The lipid content of the elm fruit is restricted to the seeds and the defined fatty acids include 40–45% saturated fatty acids and 55–60% unsaturated fatty acids. In this study, nine unsaturated fatty acids pathway-associated unigenes were upregulated in elm fruit, including long chain fatty acid biosynthesis-related acyl-CoA oxidase ACX2 (Cluster-6074.12818, L₂fc = 2.499) and ACX4 (Cluster-6074.16191, L₂fc = 1.727), glyoxysomal fatty acid beta-oxidation pathway member stearoyl-acyl-carrier-protein desaturase (Cluster-6074.11259, L₂fc = 3.019), and peroxisomal 3-ketoacyl-CoA thiolase 3 (Cluster-6074.12598, L₂fc = 2.285). In plants, soluble stearoyl-acyl carrier protein (ACP) desaturase (SAD) was suggested to catalyze the conversion of stearoyl-ACP to oleoyol-ACP [56]. The ratio of saturated and unsaturated fatty acids is significantly influenced by the activity of SAD, and SAD is treated as a major determinant of fatty acid composition. The function of SAD in desirable fatty acid compositions has been identified in cacao (Theobroma cacao) [56], Arabidopsis [57], and peanut (Arachis hypogaea) [58]. In this study, the homolog of SAD SSI2 (Cluster-6074.5104, L₂fc = 2.660) was significantly upregulated in elm fruit, which indicated its function in determination of fatty acid composition.

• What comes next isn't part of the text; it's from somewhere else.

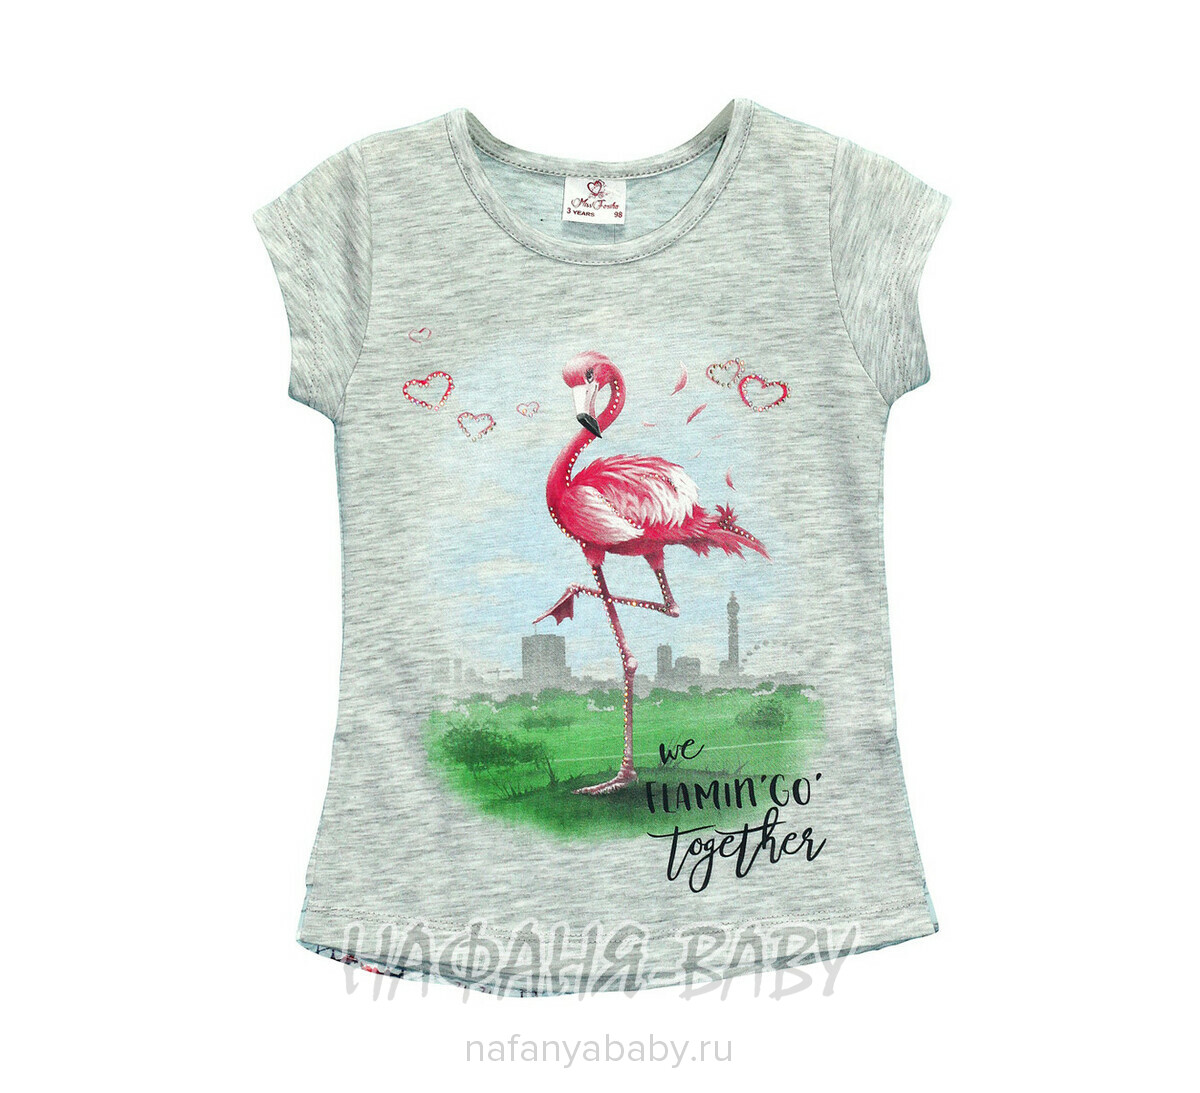 Детская футболка Miss Feriha, купить в интернет магазине Нафаня. арт: 705.

Alpha-linolenic acid is an essential omega-3 fatty acid which is necessary for regular human growth and development. Alpha-linolenic acid protects against heart attacks, lowers blood pressure, reduces cholesterol, and reverses atherosclerosis. It is also used to treat multiple sclerosis, diabetes, ulcerative colitis, renal disease, and Crohn’s disease [59]. In this study, proteins (secretory phospholipase A2, lipoxygenase) participating in metabolism of compounds alpha-Linolenic acid and (9Z,11E,15Z)-(13S)-Hydroperoxyoctadeca-9,11,15-trienoate and their coding genes were upregulated in the young and ripe elm fruits (Figure S2A,B). Downstream of the “alpha-Linolenic acid metabolism” pathway, genes for key enzymes (12-oxophytodienoic acid reductase, OPC-8:0 CoA ligase 1, acyl-CoA oxidase, enoyl-CoA hydratase and acetyl-CoA acyltransferase) which initiate jasmonic acid biosynthesis by shortening the beta-oxidative chain of its precursors were found to be synchronously overexpressed in all fruit stages (Figure S2A,B). Jasmonic acid (JA) and its derivatives are the best-studied signaling molecules derived from fatty acids. JA biosynthesis utilizes alpha-linolenic acid as a fatty acid substrate, which is released from the galactolipids of the chloroplast [60]. On the basis of gene regulation of alpha-linolenic acid and JA biosynthesis-related genes, unsaturated fatty acid biosynthesis and JA biosynthesis pathways were deduced to be involved in fruit development in U. pumila.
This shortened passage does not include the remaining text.